START Source data

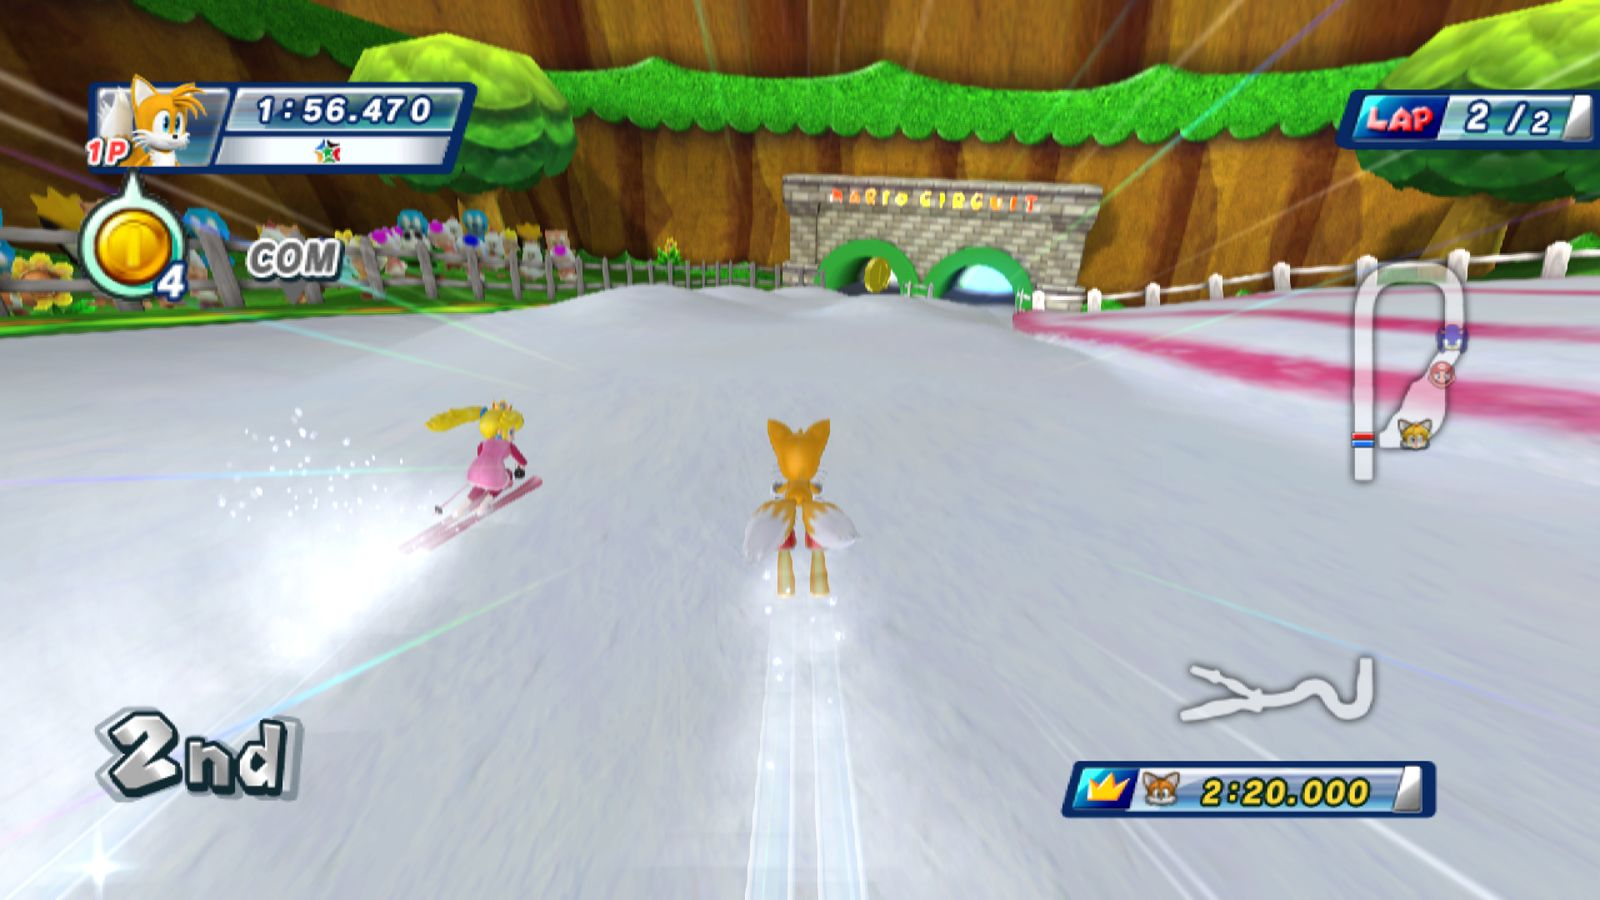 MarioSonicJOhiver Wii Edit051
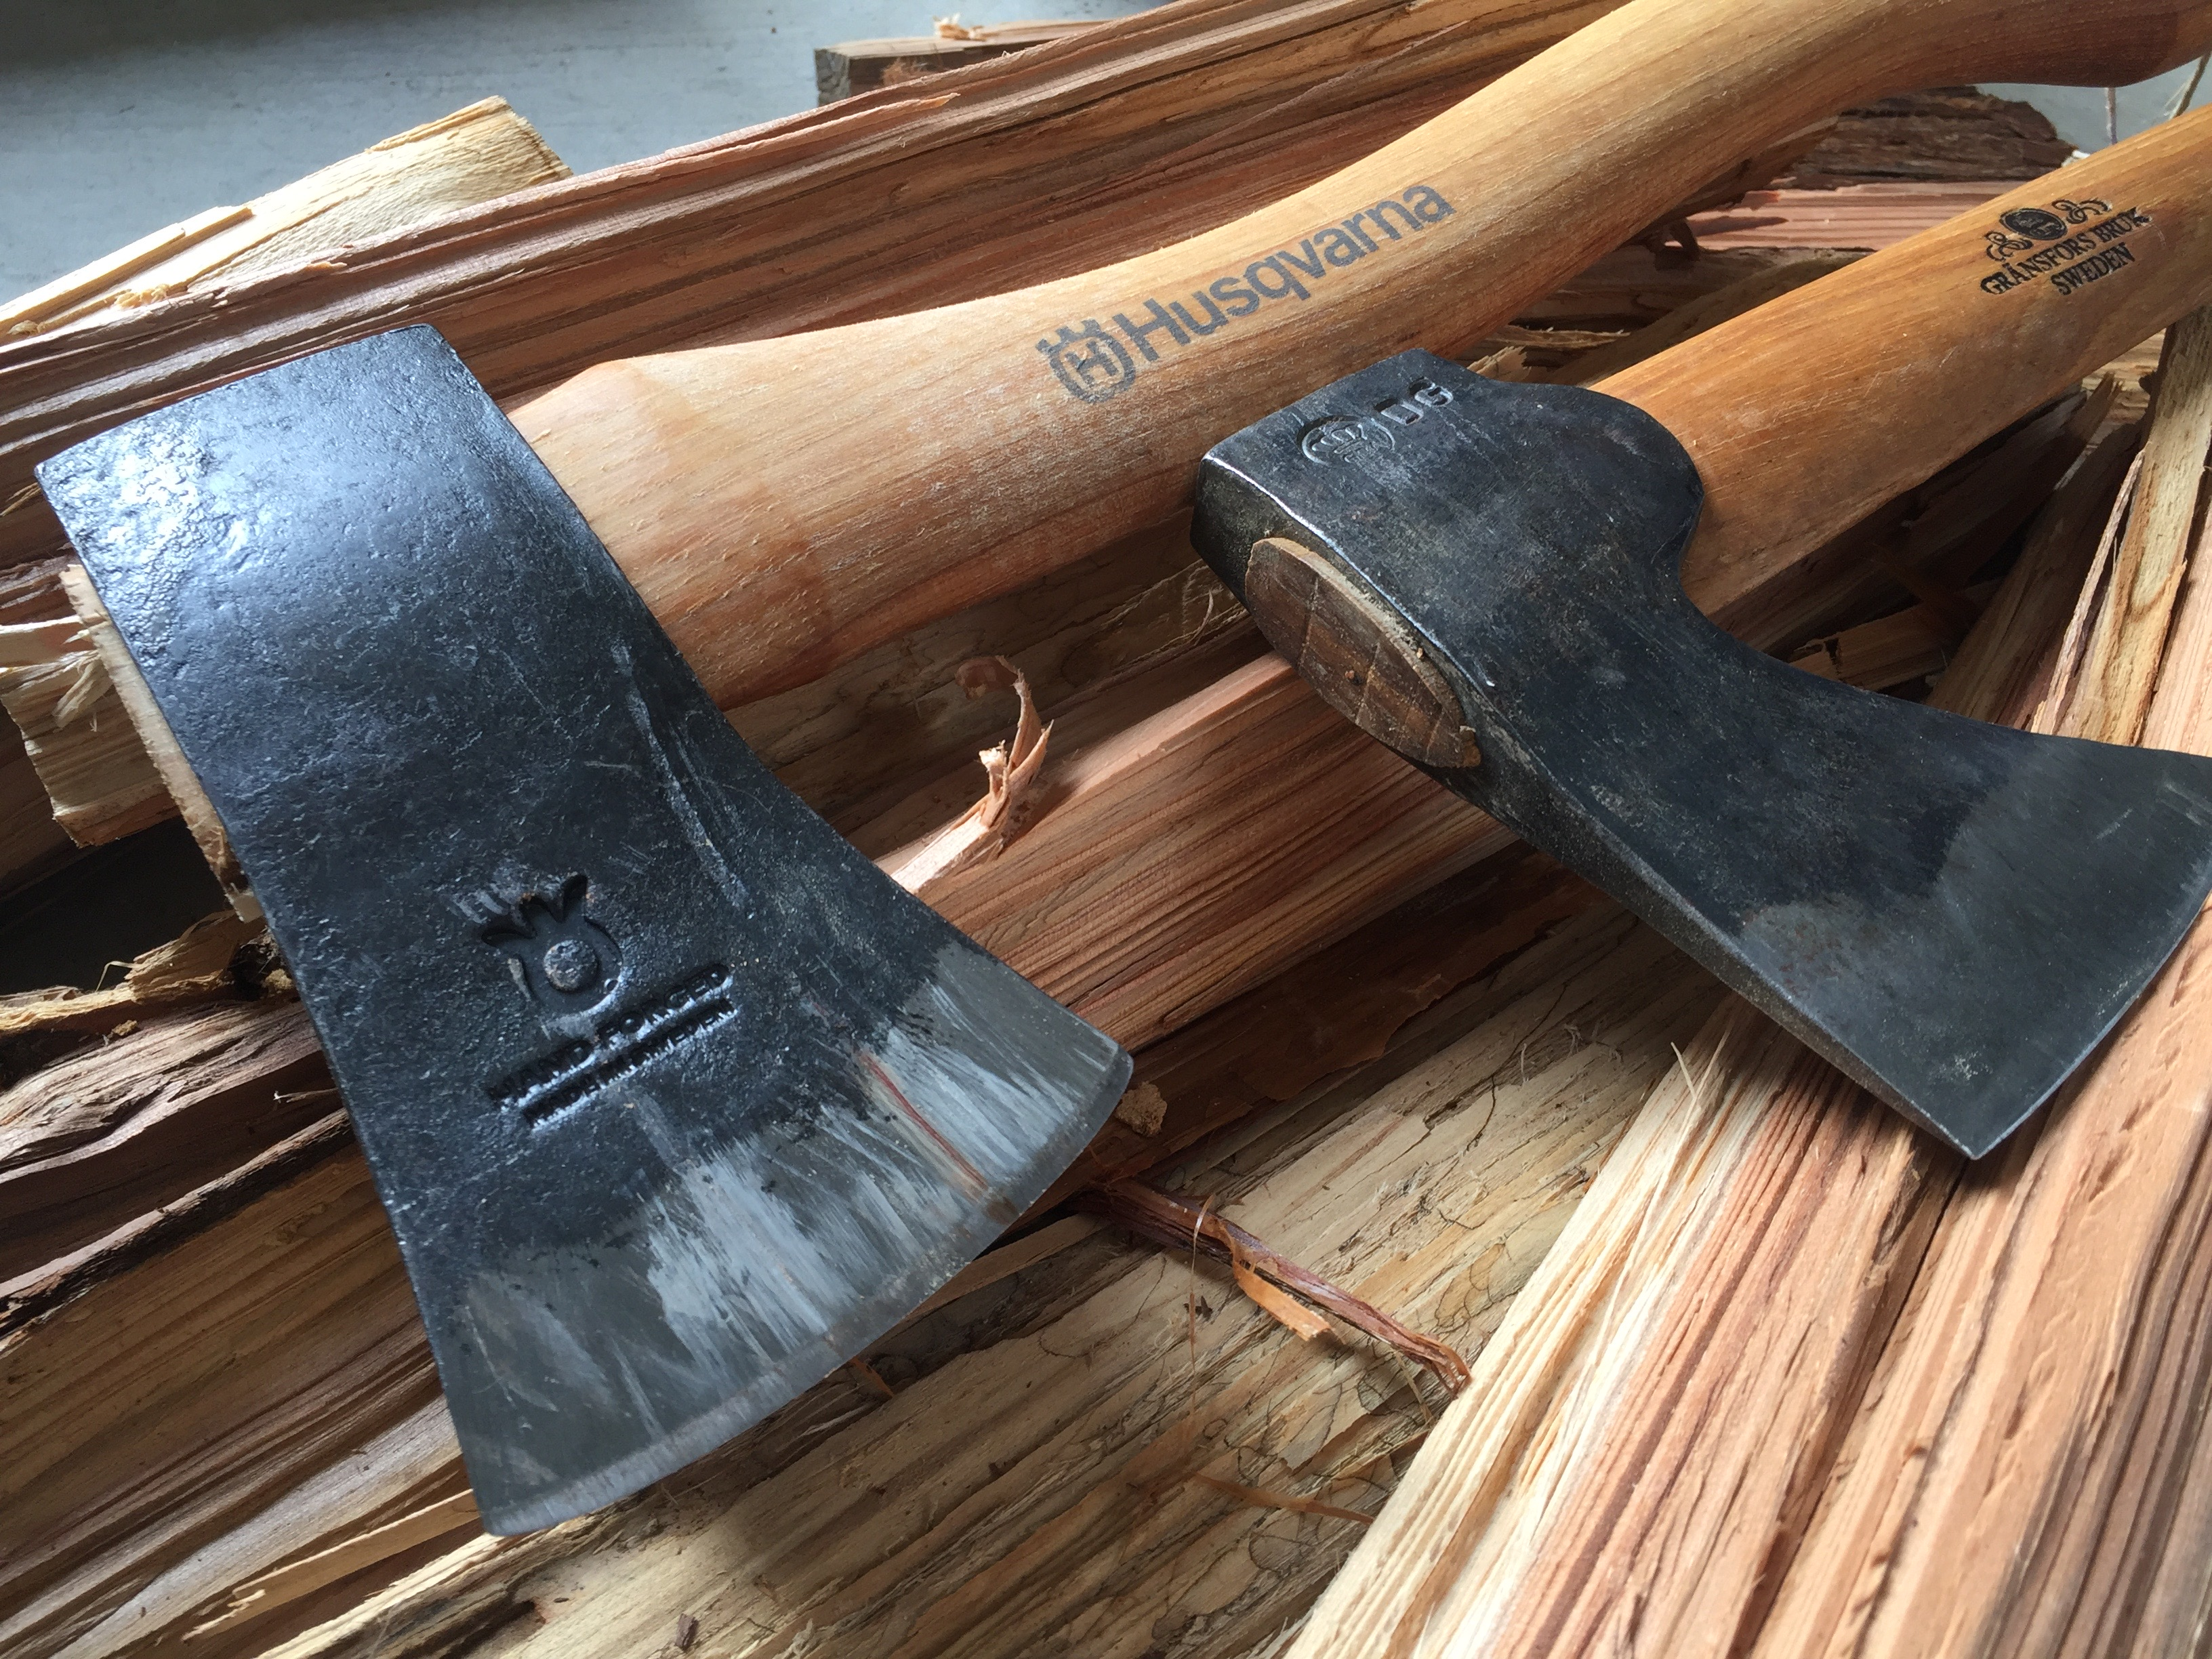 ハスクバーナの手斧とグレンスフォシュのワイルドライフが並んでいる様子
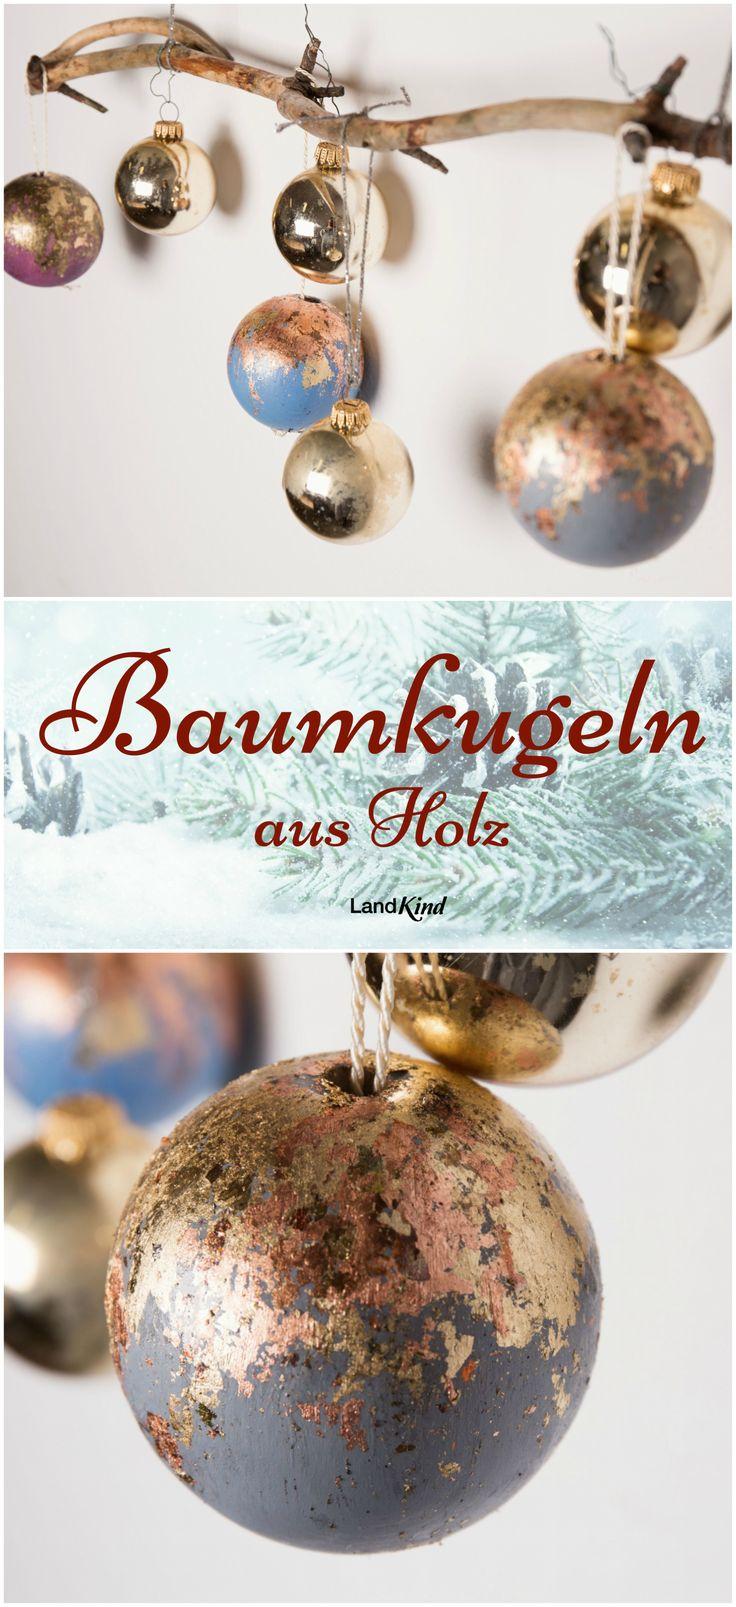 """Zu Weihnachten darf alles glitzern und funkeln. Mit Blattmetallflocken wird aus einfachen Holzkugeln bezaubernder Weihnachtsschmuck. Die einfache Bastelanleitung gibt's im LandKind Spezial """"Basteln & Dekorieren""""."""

END Source data

§ **Exercise instructions**: Give back the data exactly, with no images.

§ **Reply to the task**:
 MarioSonicJOhiver Wii Edit051
 ハスクバーナの手斧とグレンスフォシュのワイルドライフが並んでいる様子
 """Zu Weihnachten darf alles glitzern und funkeln. Mit Blattmetallflocken wird aus einfachen Holzkugeln bezaubernder Weihnachtsschmuck. Die einfache Bastelanleitung gibt's im LandKind Spezial """"Basteln & Dekorieren""""."""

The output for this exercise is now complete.